Parece, pues, que el criterio clásico de atender prioritariamente a quien más lo necesita en término
médicos, independientemente de cualquier cálculo sobre el beneficio obtenido por el tratamiento,
es el que mejor responde al deseo de tratar a todos con igual consideración y respeto, es decir, de
garantizar la igualdad de oportunidades. Al fin y al cabo, la ausencia de salud es moralmente
equivalente, por ejemplo, a la ausencia de una educación básica, esto es: disminuye injustamente
las oportunidades de las personas. Es cierto, por otra parte, que la existencia de recursos limitados
podrá disminuir el acceso de todos a los mismos recursos, pero eso no discrimina por razones ajenas
al contexto del bien a distribuir: como la capacidad de pago o las condiciones sociolaborales8.

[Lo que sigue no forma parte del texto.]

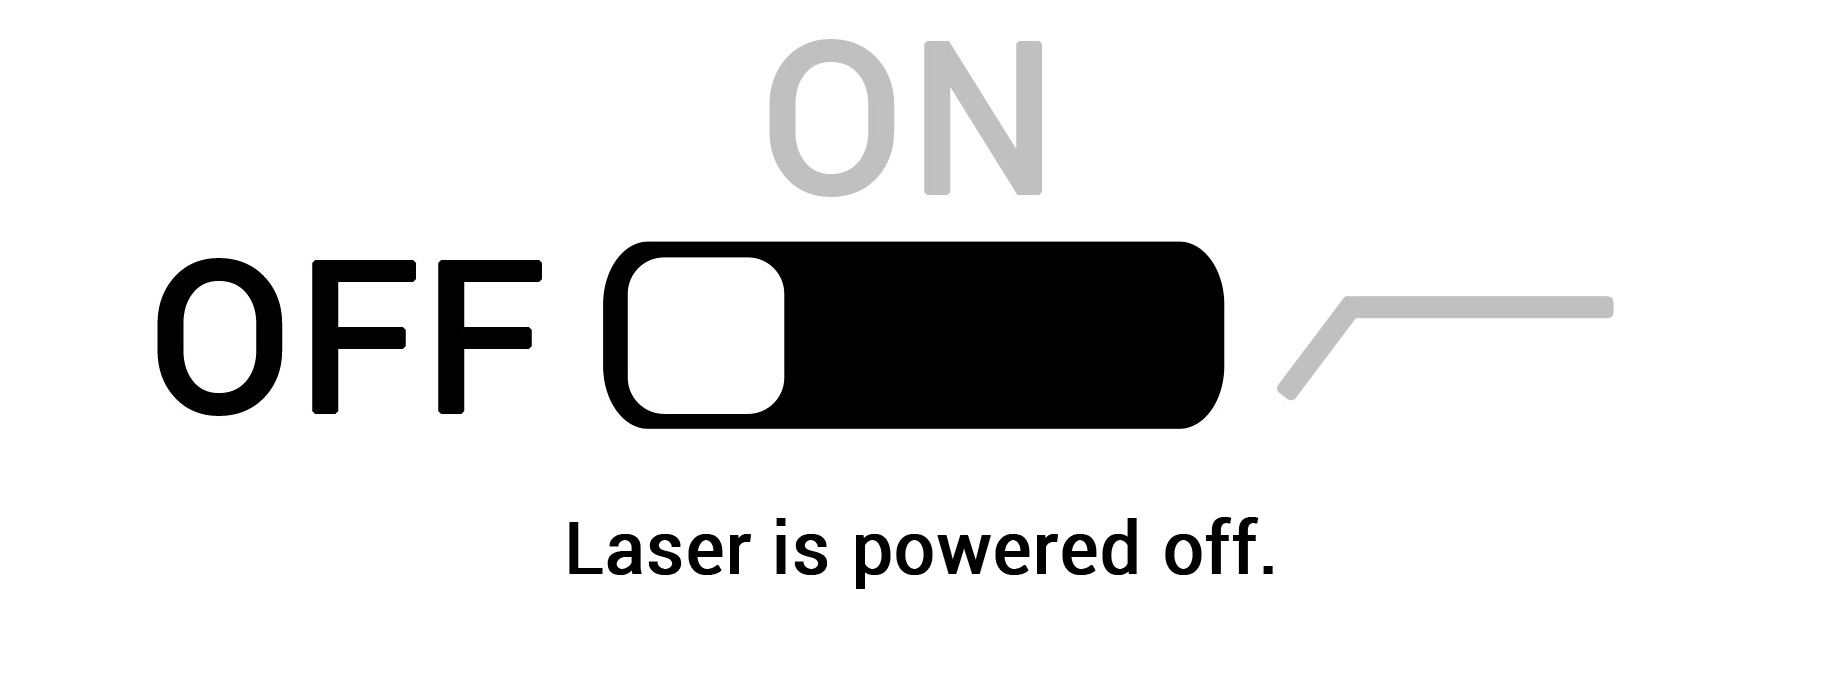 laser-switch-off.jpg

No obstante, el criterio clásico de la necesidad está sujeto a varias objeciones. En primer lugar, exige
una definición clara de lo que sea una necesidad médica, y esto es algo que puede plantear serios
problemas. Por una parte, nos obliga a distinguir entre una necesidad y una preferencia, lo que no
siempre va a resultar fácil. Pensemos, si no es así, en las demandas de cambio de sexo, de cirugía
estética o de tratamientos contra la infertilidad. Por otra parte, la imposición de una definición
pública de la necesidad podría atentar contra la libertad y la diversidad moral de los ciudadanos
para poder decidir su particular manera de concebir la salud propia, como ha denunciado
inteligentemente Engelhardt9. En segundo lugar, el criterio de la necesidad cae fácilmente en la
trampa de la regla del rescate; es decir, dados unos bienes escasos, está dispuesto a invertir recursos
y esfuerzos elevados en tratar a un moribundo, mientras descuida cómo mejorar la salud de mucha
gente con mejor pronóstico. Lo que escondía la racionalidad ética del utilitarista para contrarrestar
la regla del rescate era su preferencia por ayudar a quien más beneficio iba a sacar del tratamiento
(porque viviría más años o con mejor calidad de vida), en vez de enterrar los recursos limitados en
quien poco o nulo provecho iba a extraer de ellos. En el contexto de escasez de recursos en el que

8 El mejor argumento para defender, en términos generales, la relación moral entre la justicia
distributiva y los bienes específicos de la distribución lo proporciona Michael Walzer en Las esferas
de la justicia, Fondo de Cultura Económica, México, 1993. Véase también Jon Elster, Justicia local,
Gedisa, Barcelona, 1994.

9 Véase, por ejemplo, H. Tristram Engelhardt, Los fundamentos de la bioética, Paidós,


Barcelona, 1995; o también su ponencia titulada Salud, medicina y libertad, presentada en
Barcelona el día de la inauguración de la Fundació Víctor Grífols, y publicada por la misma
fundación en el cuaderno Libertad y salud, 1999.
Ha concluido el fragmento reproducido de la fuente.